I later found out that it was the replacement for a ship named MV Princess Ashika which, in 2009, sailed into troubled waters 80km off the coast of Tongatapu and promptly sank. Reports following this tragedy stated that 74 people were subsequently lost at sea and that prior to the ship’s final launch a team of government surveyors chose to ignore the concerns of one of their members who deemed the ship unseaworthy. Finding all this out after the fact didn’t mean I was any less reluctant to board the boat the morning we set off from Nuku’alofa dock – I was forced to reconsider my ‘more danger, more fun’ theory of travel.

Boat ride to Ha'apai 6

Sardined among hundreds of full-figured Tongans and their sacks and suitcases filled with food and personal possessions (the ship made this journey just once a week which meant anyone on it was usually gone for quite some time), Owain and I were conveyed towards the gangplank whether we liked it or not. I was ushered onto the propped-up walkway by the pointed end of one man’s umbrella gently pressed into the fleshy part of my bottom, only to look down and see that it wasn’t an umbrella but a machete, and that it wasn’t a man but an enormous pirate made out of trapezius muscles and menace. His tattooed neck was wider than my thigh.

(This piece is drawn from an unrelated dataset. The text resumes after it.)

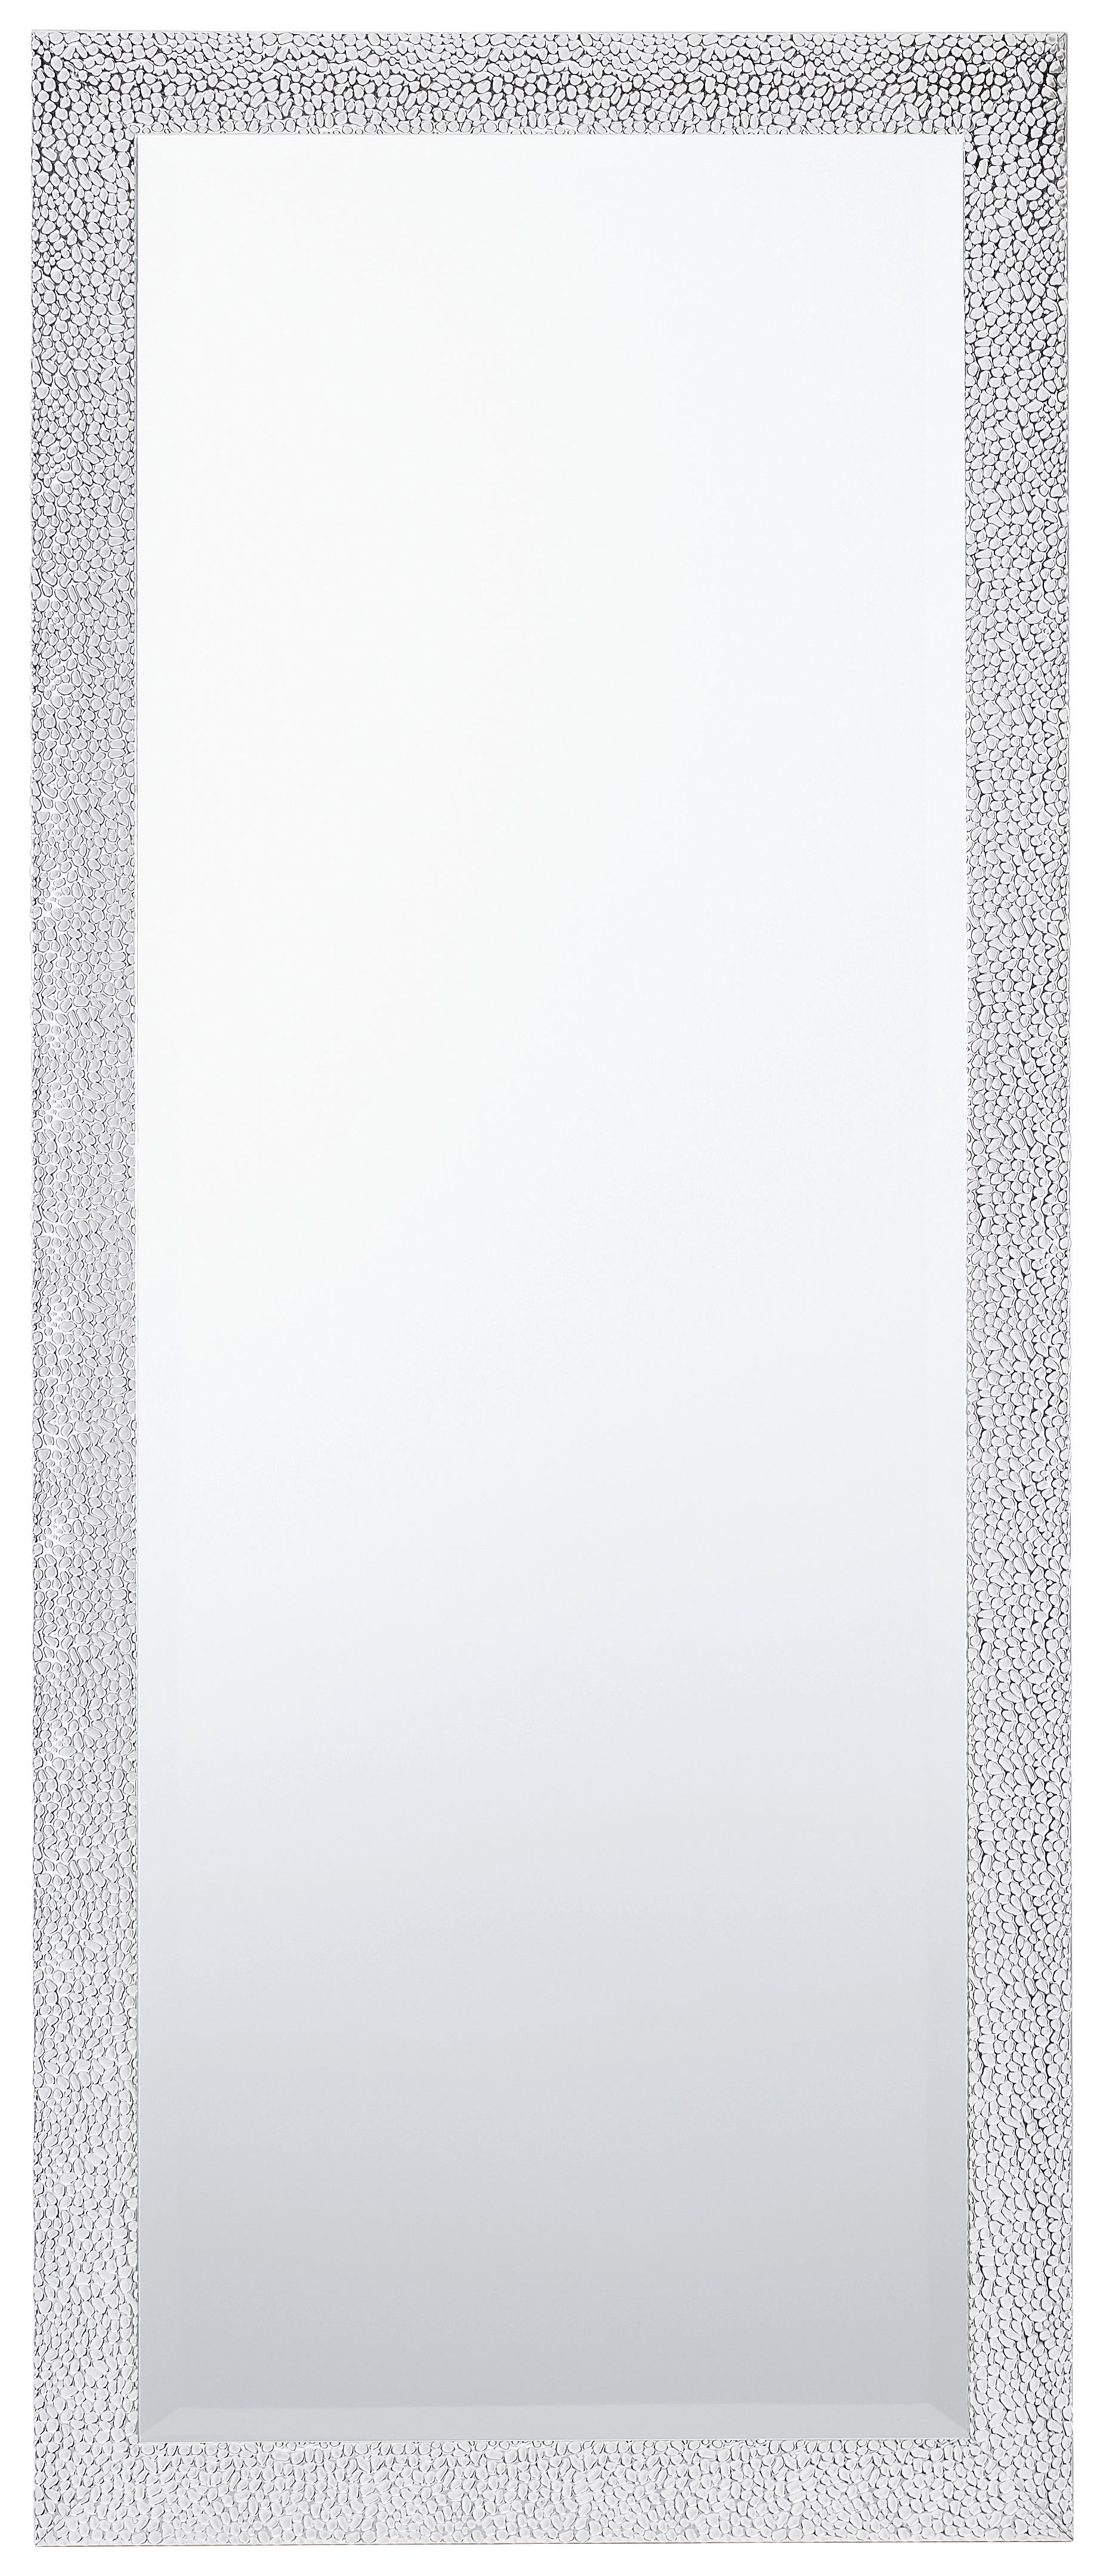 WANDSPIEGEL 70/170/2 cm    - Silberfarben, LIFESTYLE, Glas/Kunststoff (70/170/2cm) - Carryhome

I knew that Tonga was known informally as the Friendly Islands, but by this point it had seemed to me the man who came up with that amiable moniker had a good dealing in the ironic. Nevertheless, thanks to the massive pirate’s encouragement I made it up on deck quick-sharp and was one of the first to roll out my mat on a little spot beneath the tarpaulin. Regardless of how uneasy I felt about being detained on an extremely sinkable ship with a pirate for 14 hours, I couldn’t help but be utterly absorbed by the scenery.

Boat ride to Ha'apai 4

It was a completely still morning and the sun was just about to cast the day in its full light. The placid purple ocean looked as flat and unmoving as a midnight delta, and a candy-floss-pink hue hovered just above a stark horizon and turned white, then grey, then cyan, as it rose into the sapphire sky. We leant against the handrail and watched the sunburst wash away these soft water colours, and replace them with fuller, more defined pastel tones. The boat withdrew from the mainland and sailed into an open sea, reducing our surrounds to just two striking shades of brilliant blue; and the silvery sundrops danced on the water’s surface, giving movement to a lifeless landscape. Now and again we’d drift passed scatterings of bosky islands barely bigger than a pitcher’s mound, crowded with dense and strangely neat verdure, and acting as our only measure of perspective for hours at a time.

Boat ride to Ha'apai 2Eventually the sun’s heat shewed us back under the plastic covering, where we lay with our backs against the steel hull, feeling the thrum of the engine ring through our limbs and watching the torn parts of the tarpaulin snap back and forth in the wind. By now the deck was full with bodies dozing on their pandanus mats; mothers cradling their newborns; fathers entertaining toddlers; teenagers listening to music; and Owain and I lodged in the middle of it with an elderly man reclined beside us sharing his burlap sack of breadfruit to use as a pillow.

I was as cramped as I might have been on the 8am out of East Putney, but not nearly as uneasy. In 14 hours the atmosphere never felt particularly affectionate but the indifference shown us by this community of passengers was in a way inclusive, which made it seem familiar and neighbourly. And not one other person stabbed me in the arse with a machete.